CLOG’s First Year  :  Success! 


March 16, CLOG's health care rally 

Forming an organization, building a membership, enacting change on campus, CLOG has had an incredible year.  Members have contributed their ideas (at meetings),  voices (at the rally and town meetings) and artistic talents (signs, sandwich boards, and a stunning black coffin) to make our presence known on campus.  CLOG's efforts as the first-ever Brandeis graduates’ activist group were resoundingly approved by students electing all members of the CLOG ticket for officers of  the Graduate Student Association.
Our victories last year include: 

  • Prompting the University to partially credit health care for funded grads.
  • Creating a forum for grad students to address issues concerning campus life. 
  • Bringing union representatives to campus and opening a debate about the benefits of unionizing. 
  • E-mail access for grads after they leave Brandeis. 
  • Suggesting that kiosks be placed around campus in order to improve campus awareness of activities, rallies, events.
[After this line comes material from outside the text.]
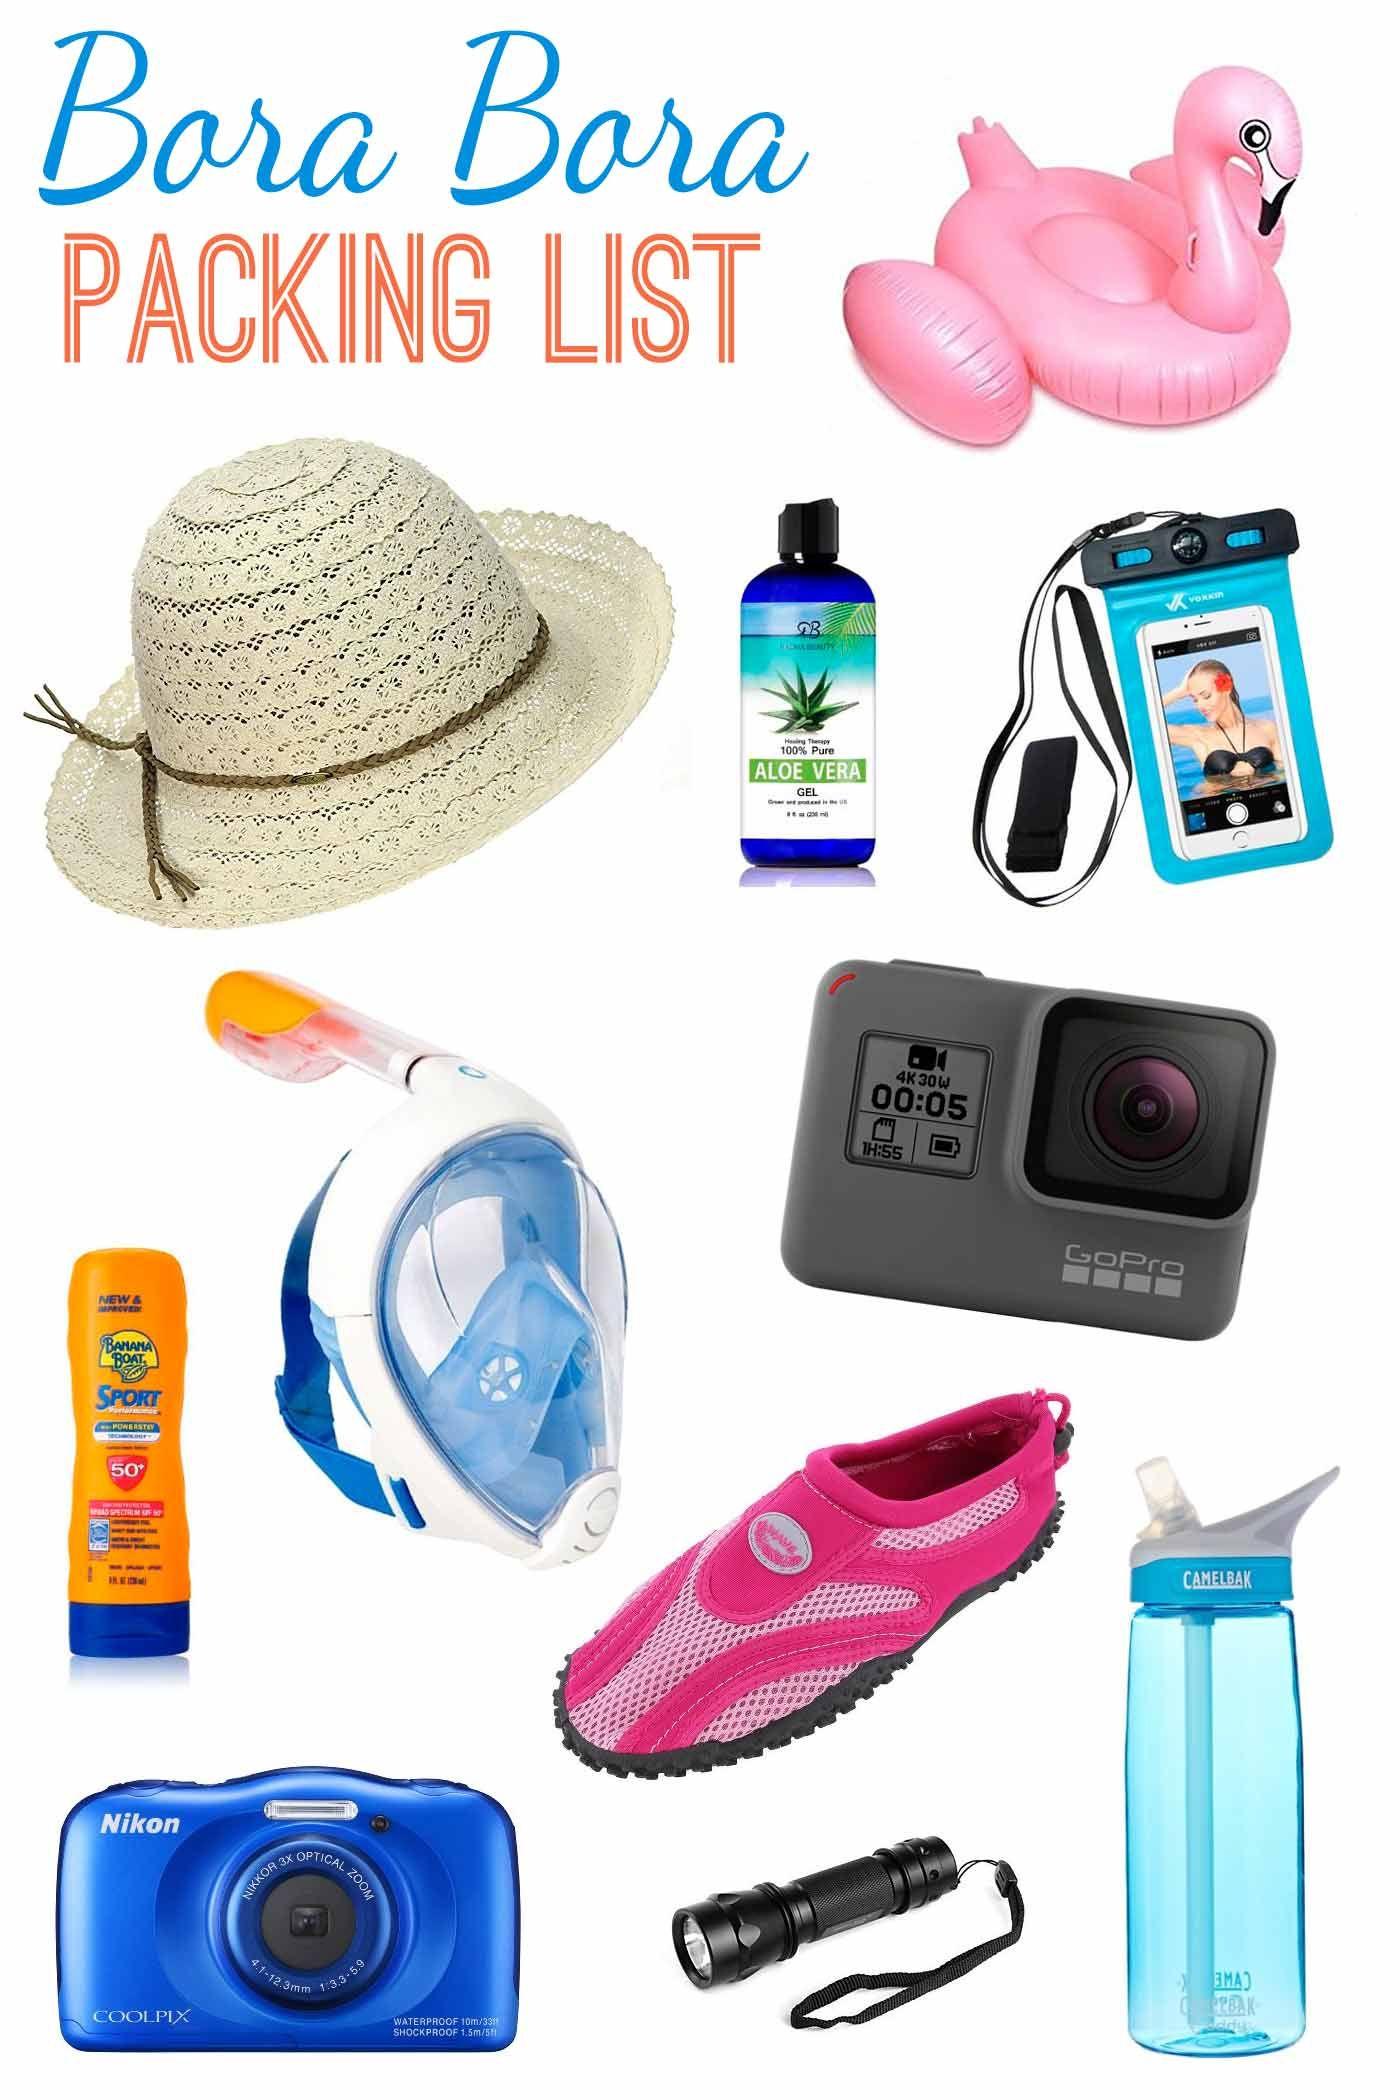 Bora Packing List

At the last town meeting, President Reinharz announced that two very spiffy kiosks will indeed be placed on campus! 
Some victories wait yet in the wings, such as health care funding, free access to the psychological counseling center, a guaranteed living wage for all student employees--and we are still dismayed at the profligate use of cedar mulch around campus (an expensive, although nice-smelling product), which indicates that the Brandeis coffers are fuller than administrators claim.
 
The UE is a small, liberal, flexible, and progressive union that allows its locals complete autonomy.
The AAUP is the national professional association for university professors; they have already shown themselves to be committed to Brandeis graduates, and they can provide all sorts of organizational and professional training.
What is CLOG?

CLOG is the Committee to Lead to Organize the Graduates.  We feel Brandeis ought to offer its graduate workers healthcare and a better wage.  We're organized as a club under the aegis of the Brandeis Graduate Student Association.  Our purpose is to organize Brandeis grads into a union that can successfully negotiate with the administration improvements to our living and working conditions..

Our Goals:

  •  In the short term, we'd like to see Brandeis graduates be given membership in a decent health plan.  We also think it reasonable to ask that a minimum salary for all graduates be established.  Ideally this minimum salary would be guaranteed for the graduate's expected tenure at Brandeis, so that he or she could work towards a degree while remaining free from fear of financial or physical destitution. 
  • In the long run we think the best way to achieve such goals as these is a union – a vociferous, alert, and conscientious graduate body that is capable of constantly challenging the university to be as great as it ought.  CLOG dreams, that is to say, of one day forging a collective of Brandeis graduate students that takes all the responsibility for itself and some of the responsibility for the school. 
There are certainly other issues of concern to the graduate student community.  Let us know yours!


May 5, 2000

To the Members of  Brandeis Community:



This letter is to inform you that a representative group of Brandeis graduate students has voted to co-affiliate with the United Electrical, Radio, and Machine Workers of America and the American Association of University Professors in order to begin a drive to unionize Brandeis graduate student employees.
   An organized graduate student body will improve community bonds among graduate students, further graduate student professionalism, and facilitate more effective communication between graduate students, faculty, and administration.
   We hold the deepest respect for our university and for the entire Brandeis community and consider this drive to be in accord with Brandeis' deep-rooted traditions of social justice and activism.
  At this unique moment in the history of higher education the spirit of organizing flourishes on campuses nationwide; however, no private university has yet recognized the right of graduate student workers to organize.  We hope Brandeis University will seize the occasion to take a leadership role of national significance and acknowledge the legitimacy of a successful union drive.
   We approach this action in the spirit of the open, honest discourse that must exist in the university, and we look forward to many fruitful discussions about the process and benefits of graduate student unionization.